Illustration, with a pink background, of a customer receiving online customer service from a service agent / contact center AI
AI helps everyone get more out of every service interaction. Your agents are freed of time-consuming tasks and your customers get a quick resolution with a human touch. [Heena_Rajput / Adobe Stock]

When your agents and AI team up, they can transform customer service for everyone. Here’s how you can begin using this technology today.

The hottest topic in service today is generative AI, especially in the contact center. 84% of IT leaders we surveyed in a recent study say generative AI will help their organization better serve customers, and every day I speak with service leaders who are excited about the potential for generative contact center AI. 

Yet, only 24% are actually using any form of contact center AI. What’s in the way? 66% say that their employees don’t have the right skills to successfully put generative AI to use. So let’s look at the four ways you can use contact center AI, along with example use cases and tips that will help you get started.

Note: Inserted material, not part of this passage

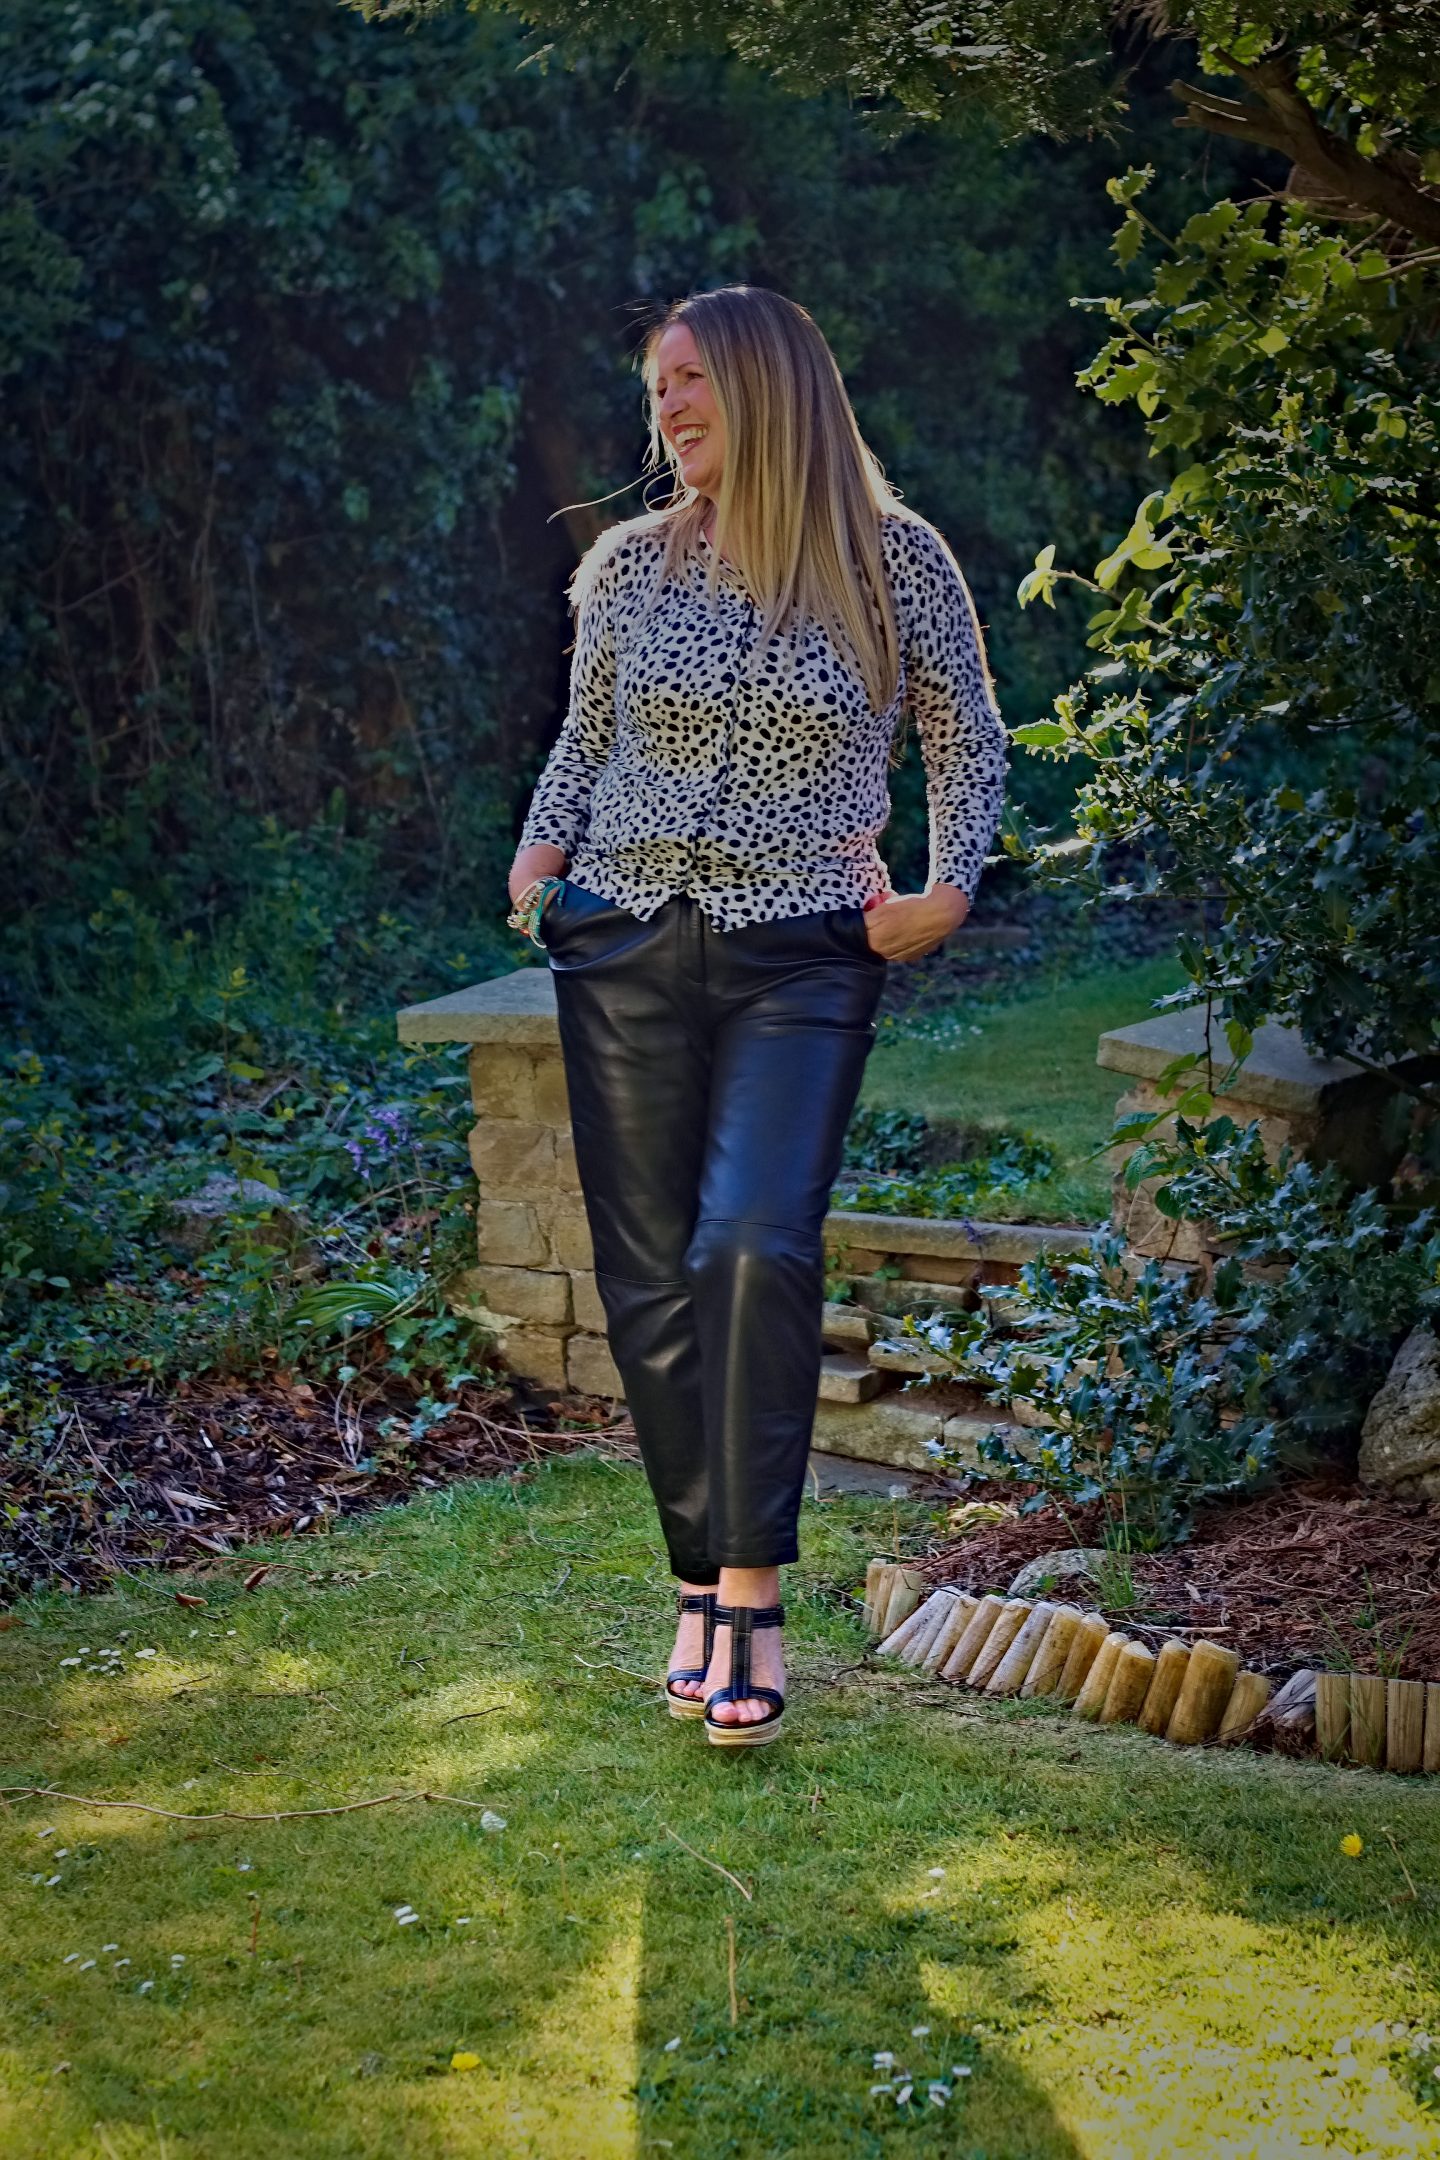 Leather Trousers, Why Not? - Midlife and Beyond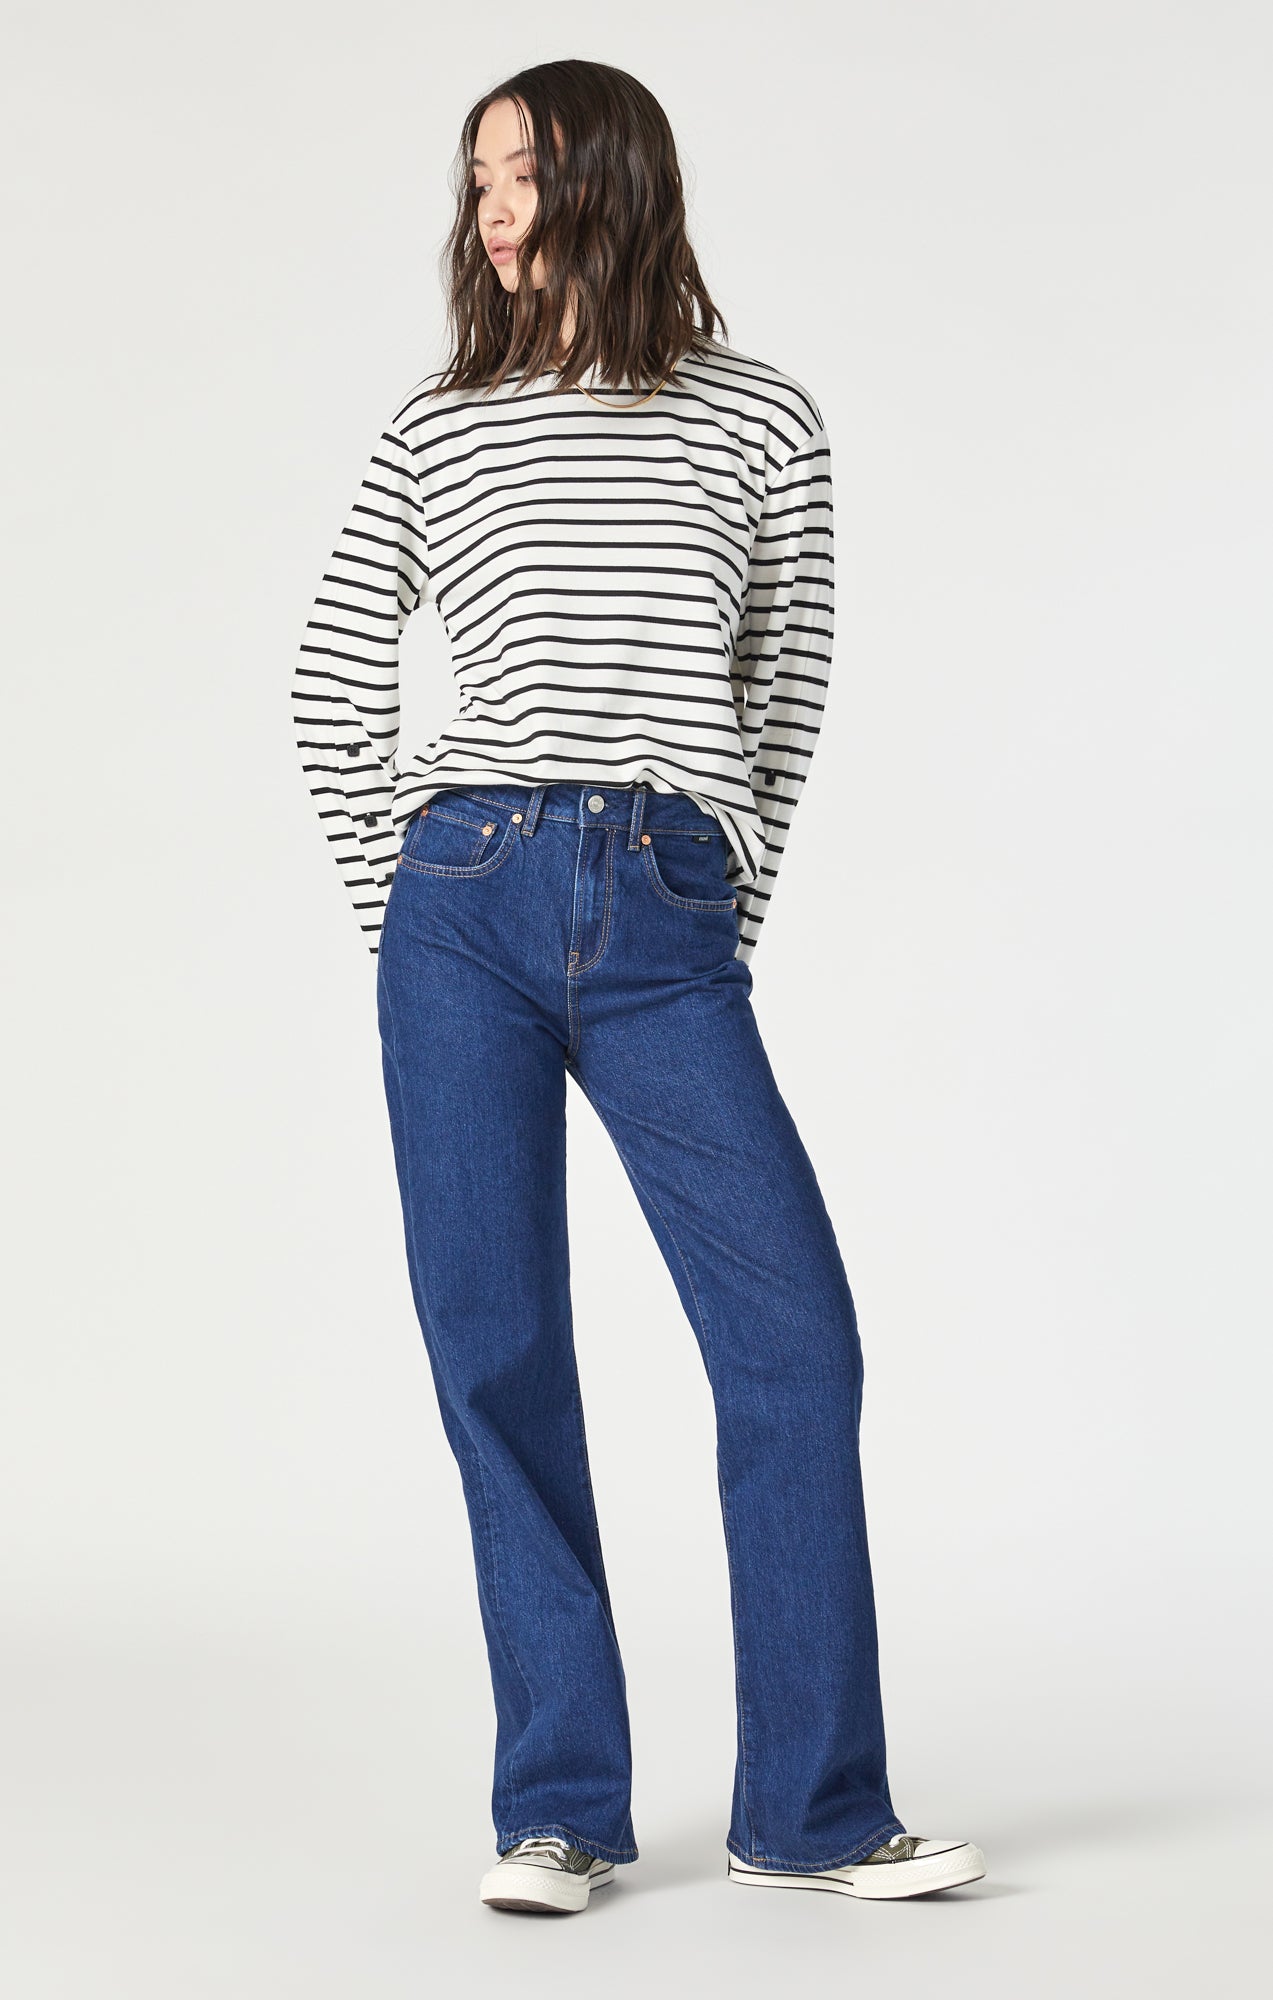 Blue Tall Women Flared Jeans in Sizes 0/2-22 and Up to 39.5 Inseam

Modernize your contact center

The right mix of customer service channels and AI tools can help you become more efficient and improve customer satisfaction. Our guide reveals how high-performing service orgs make it happen.

1. Generating service responses to customers

Your contact center provides multiple ways for customers to contact your business — from phone to email to chat to SMS. While many customers still use the phone, 57% now prefer to use digital channels. Your agents staffing these digital channels need to give accurate and relevant information, reply in a timely manner, and resolve the customer’s issue quickly.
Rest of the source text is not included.